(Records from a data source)
*** Block opens ***

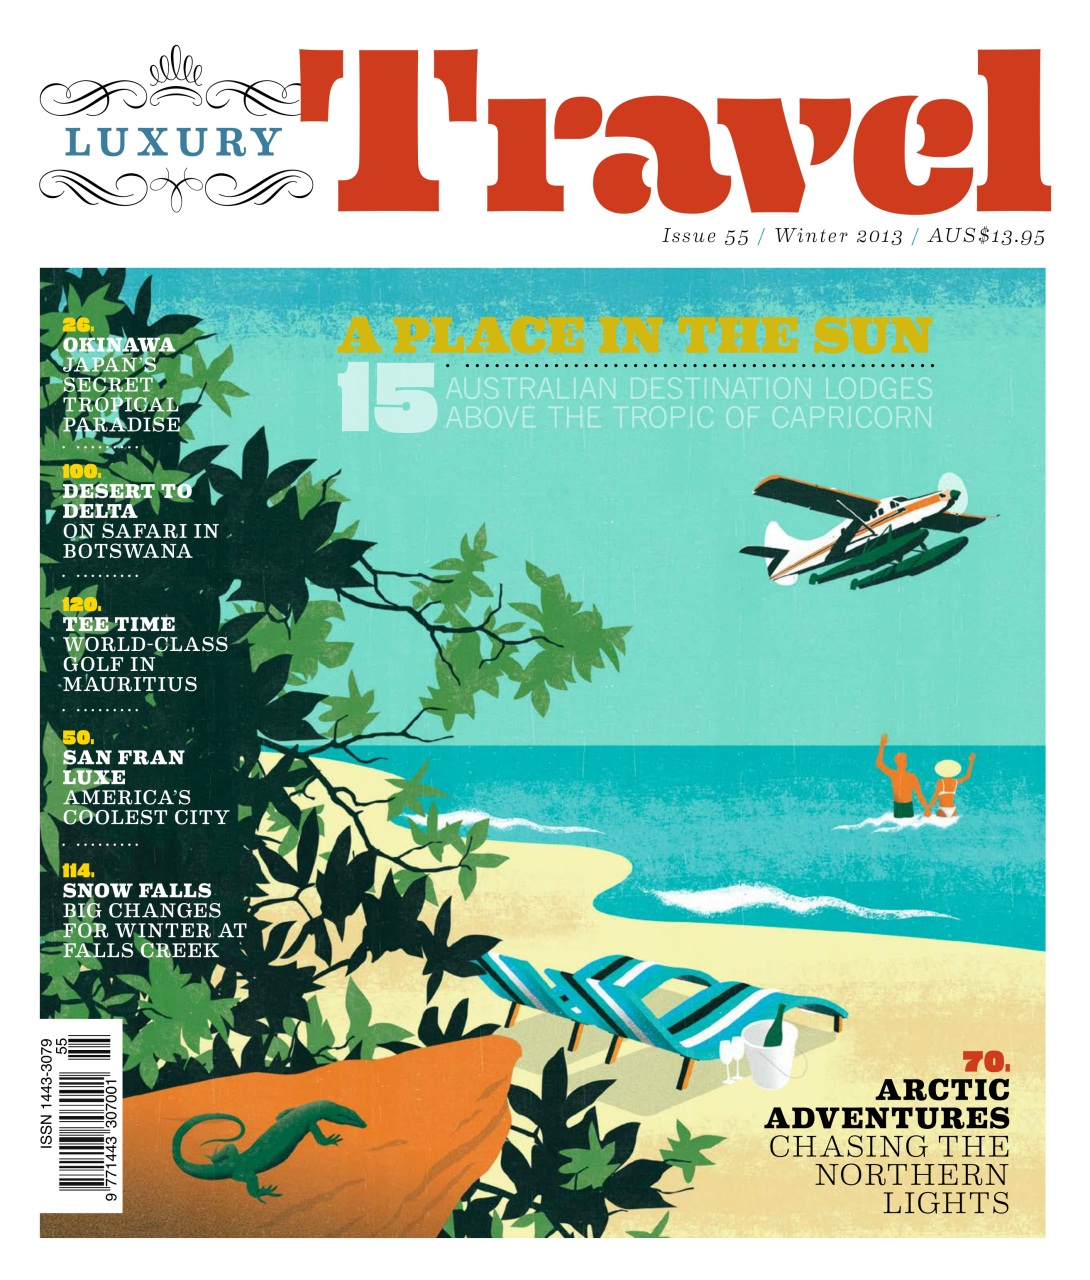 Travel magazines. Журнал о путешествиях. Travel журналы. Travel Magazine обложка. Американский журнал путешествия.
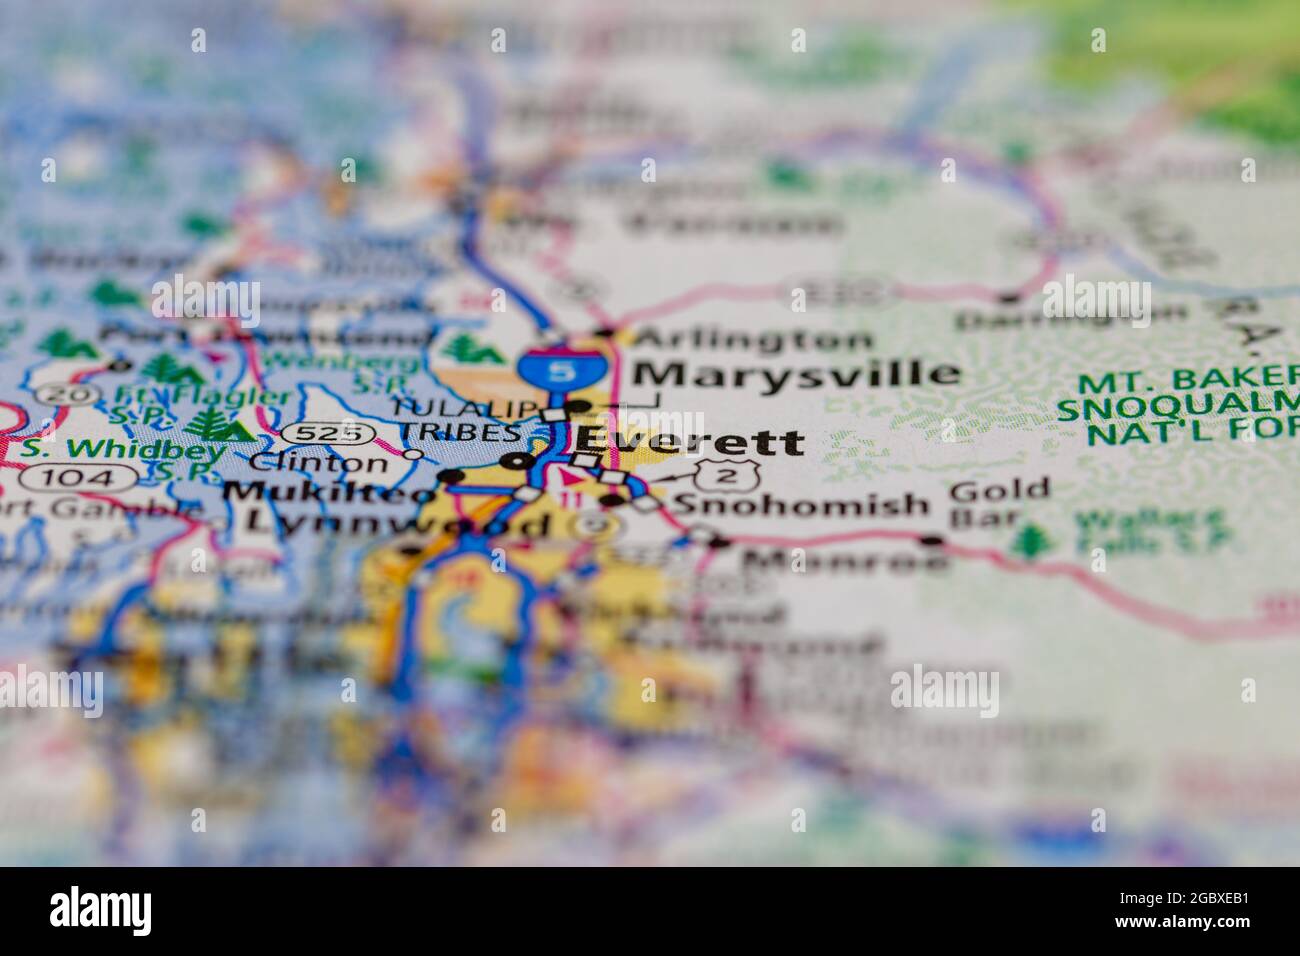 Everett Washington state USA mostrato su una mappa stradale o su una mappa geografica Foto Stock
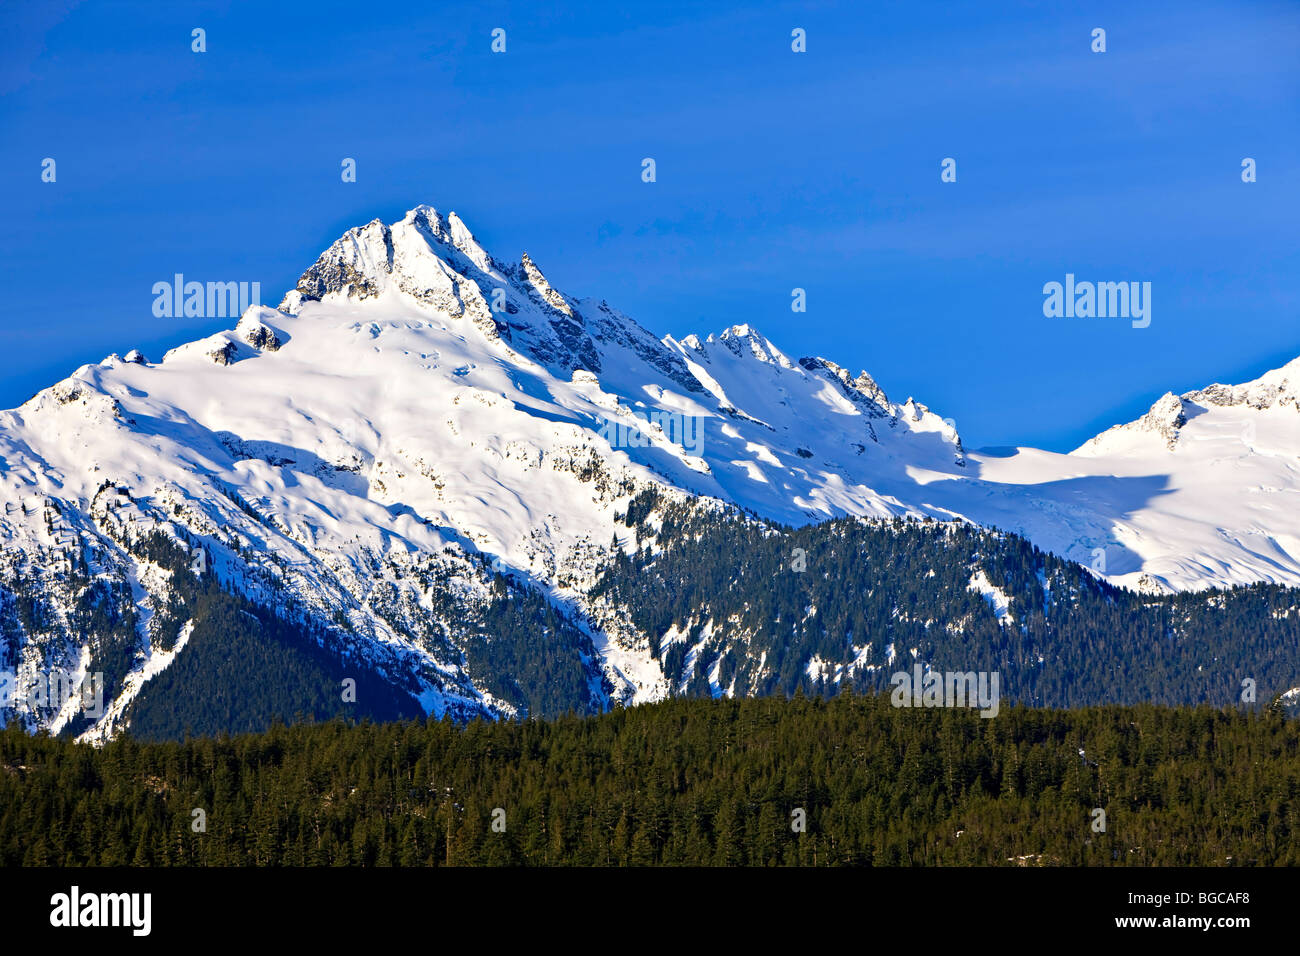 Mount Tantalus (2603 metres/8540 feet), Tantalus Mountain Range, Coast Mountains, British Columbia, Canada. Stock Photo
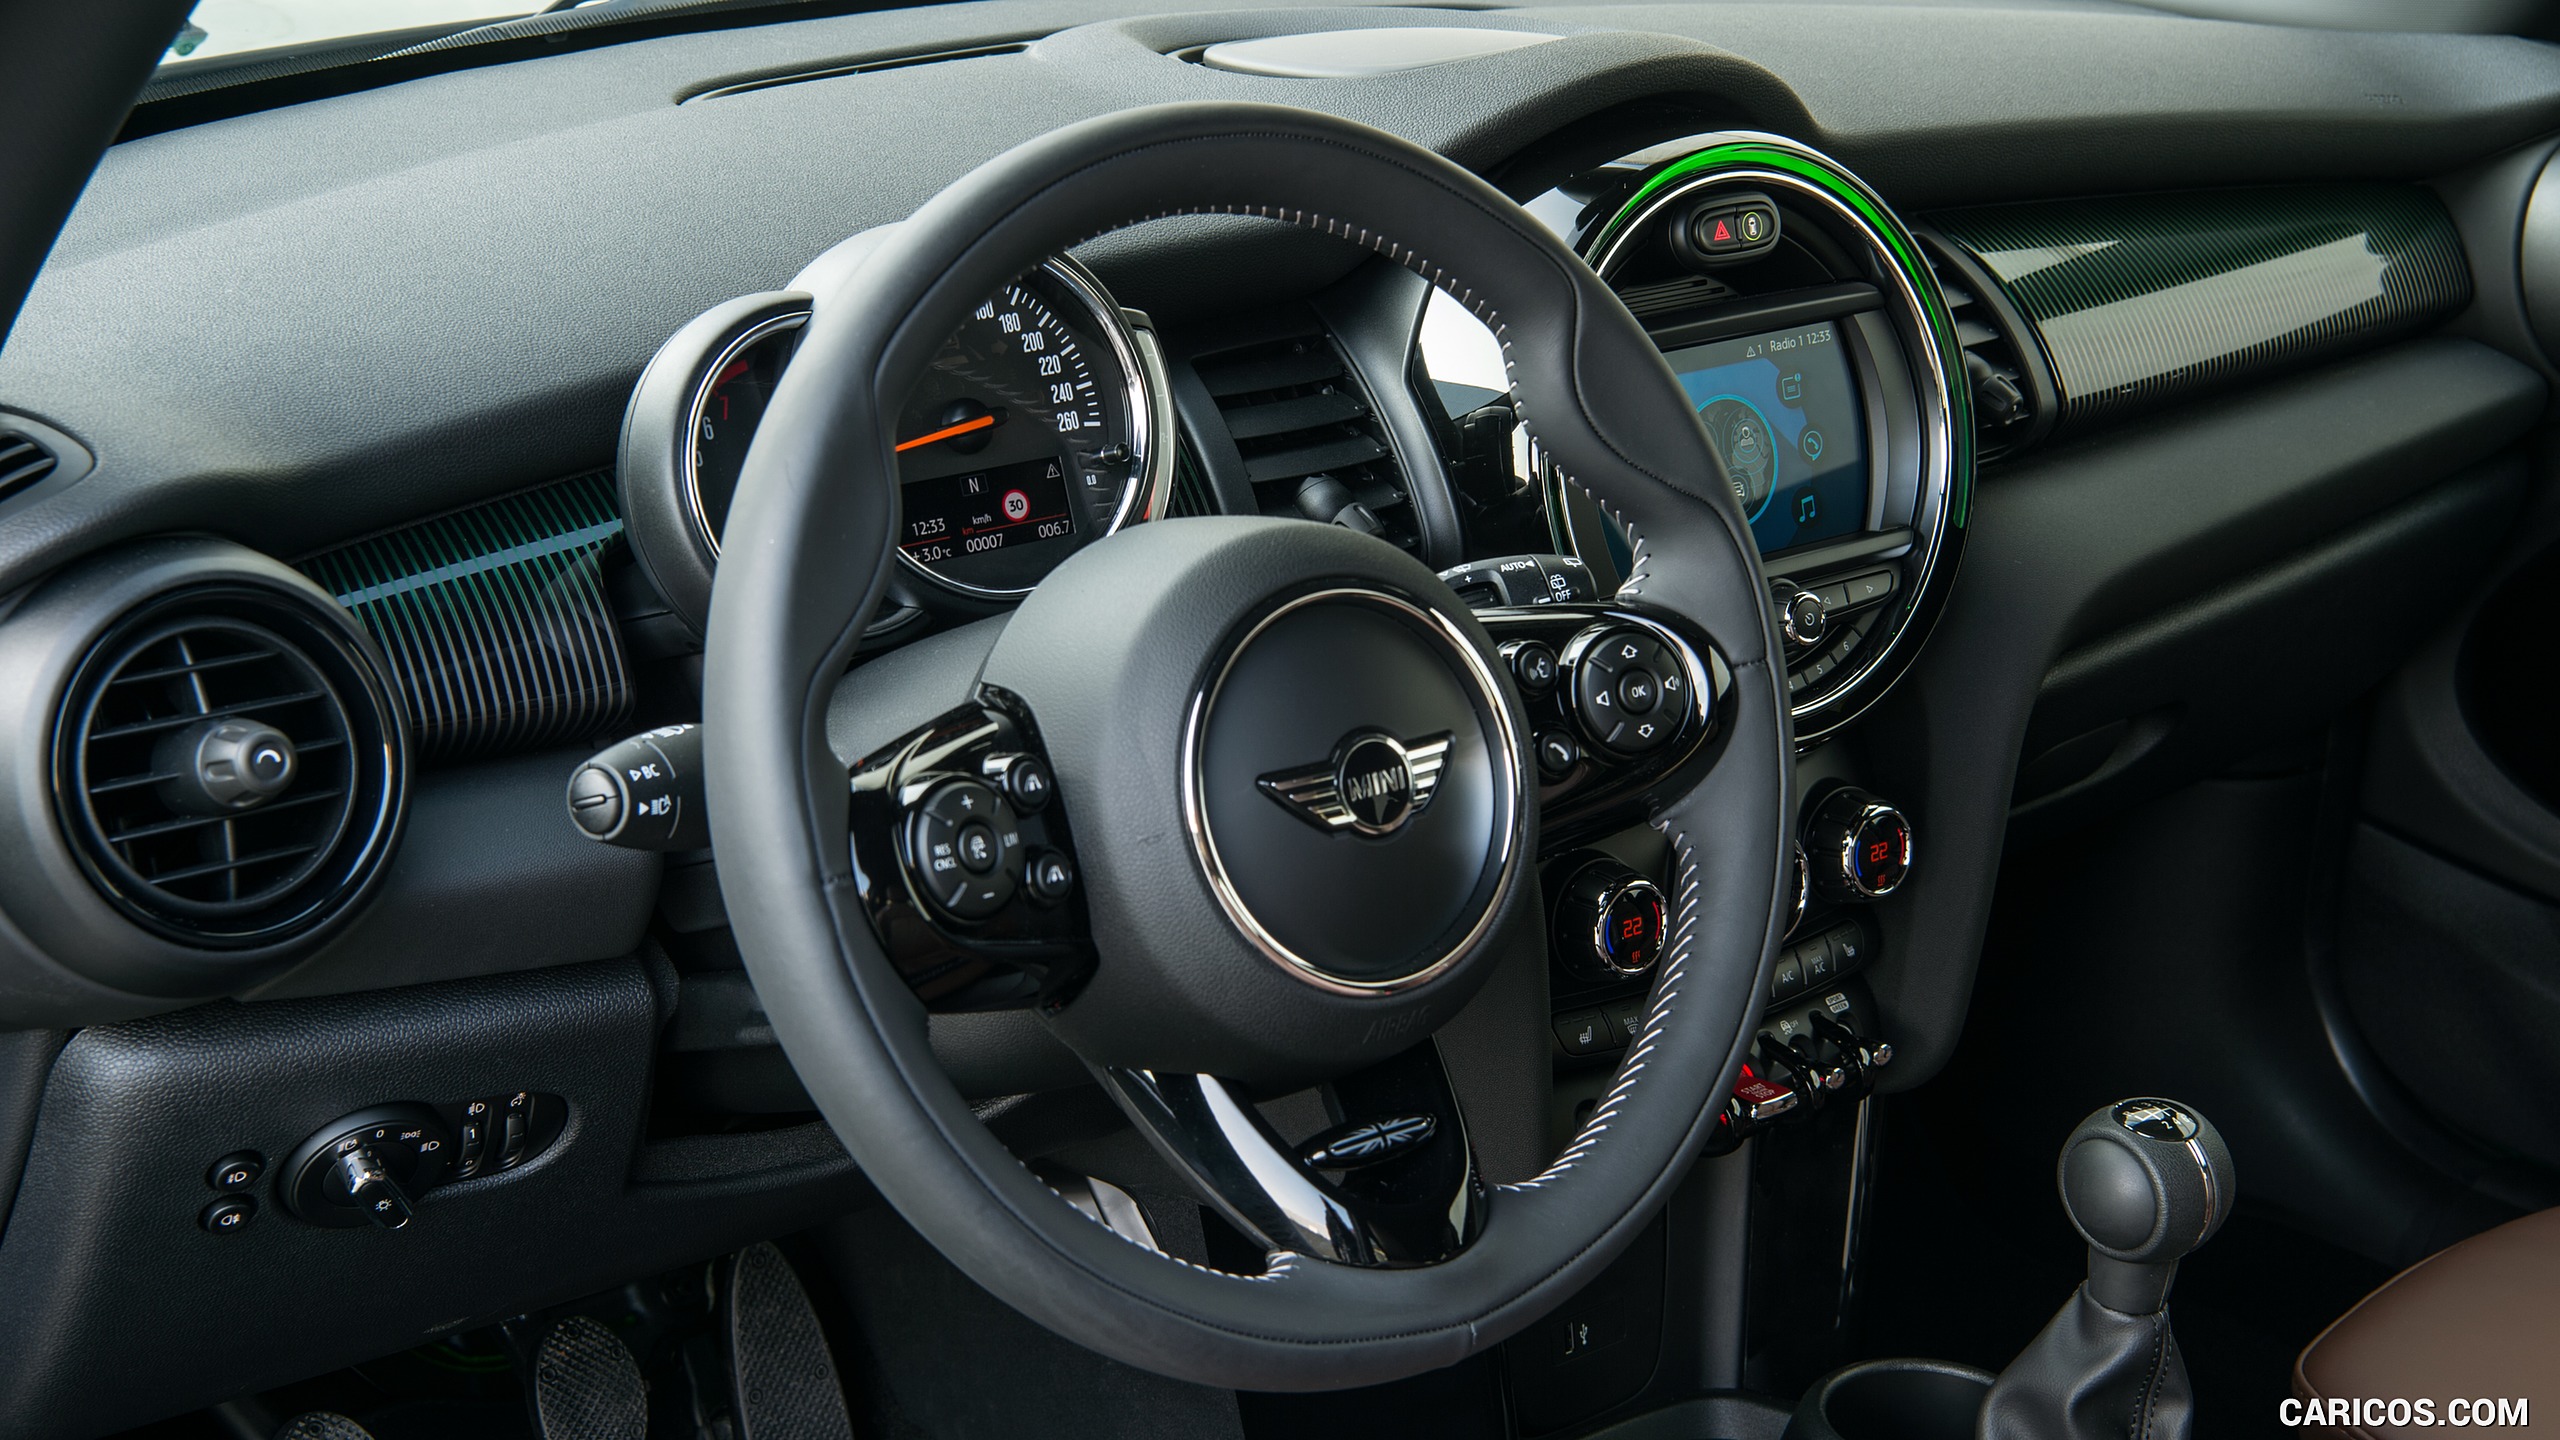 2019 MINI Cooper 3-Door 60 Years Edition - Interior, Steering Wheel, #88 of 102
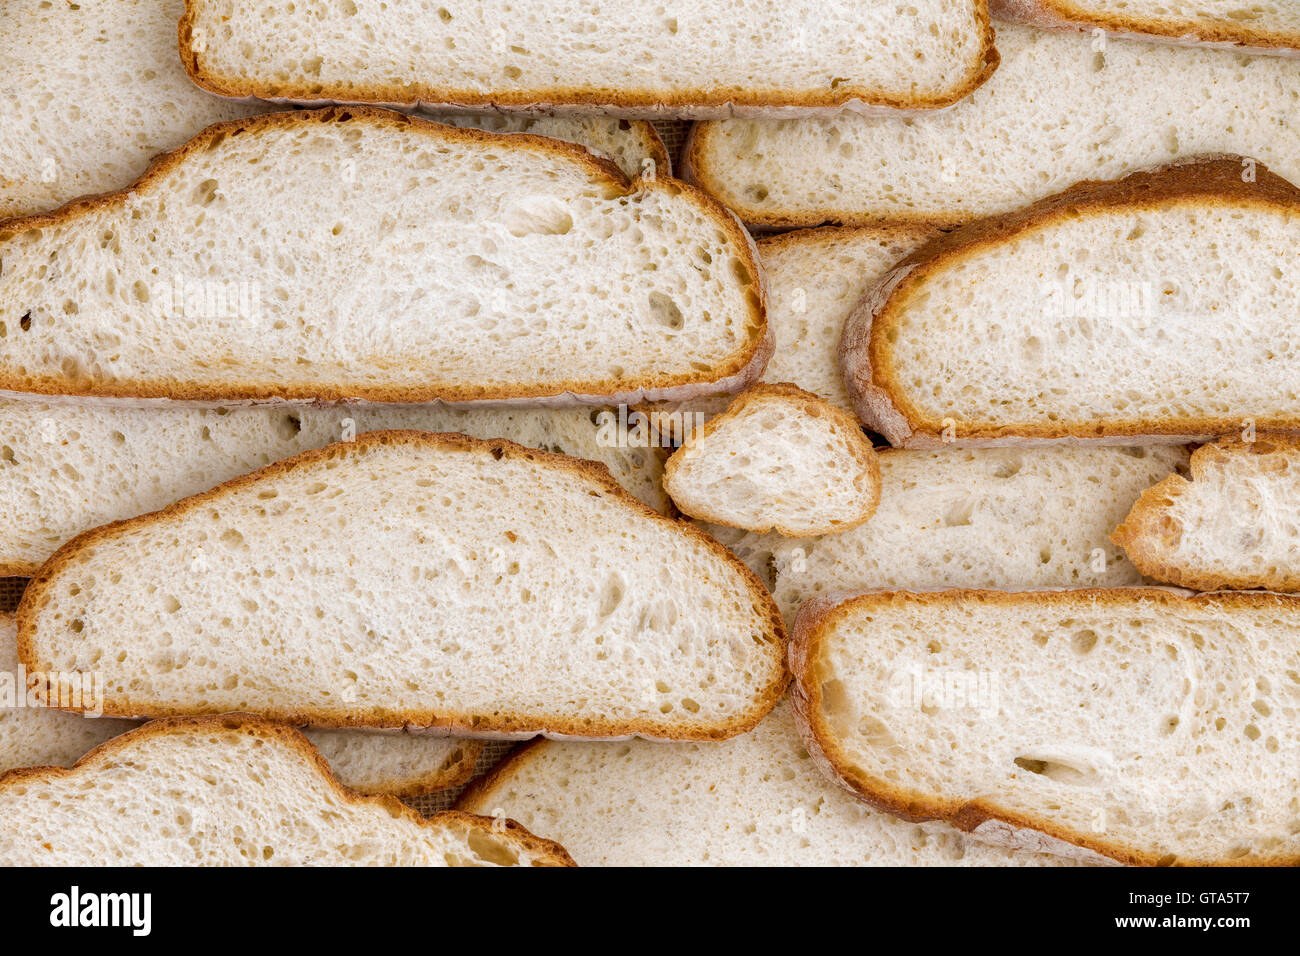 Mur d'accueil fait diverses tranches de pain de taille moyenne comme arrière-plan de concept sur l'alimentation et la nutrition glucides. Copie des savs Banque D'Images

*** Block closes ***

* _What needs to be done_: All the lines above need to be repeated exactly, with no pictures carried over.

* _Exercise response_:
 Travel magazines. Журнал о путешествиях. Travel журналы. Travel Magazine обложка. Американский журнал путешествия.
 Everett Washington state USA mostrato su una mappa stradale o su una mappa geografica Foto Stock
 Mount Tantalus (2603 metres/8540 feet), Tantalus Mountain Range, Coast Mountains, British Columbia, Canada. Stock Photo
 2019 MINI Cooper 3-Door 60 Years Edition - Interior, Steering Wheel, #88 of 102
 Mur d'accueil fait diverses tranches de pain de taille moyenne comme arrière-plan de concept sur l'alimentation et la nutrition glucides. Copie des savs Banque D'Images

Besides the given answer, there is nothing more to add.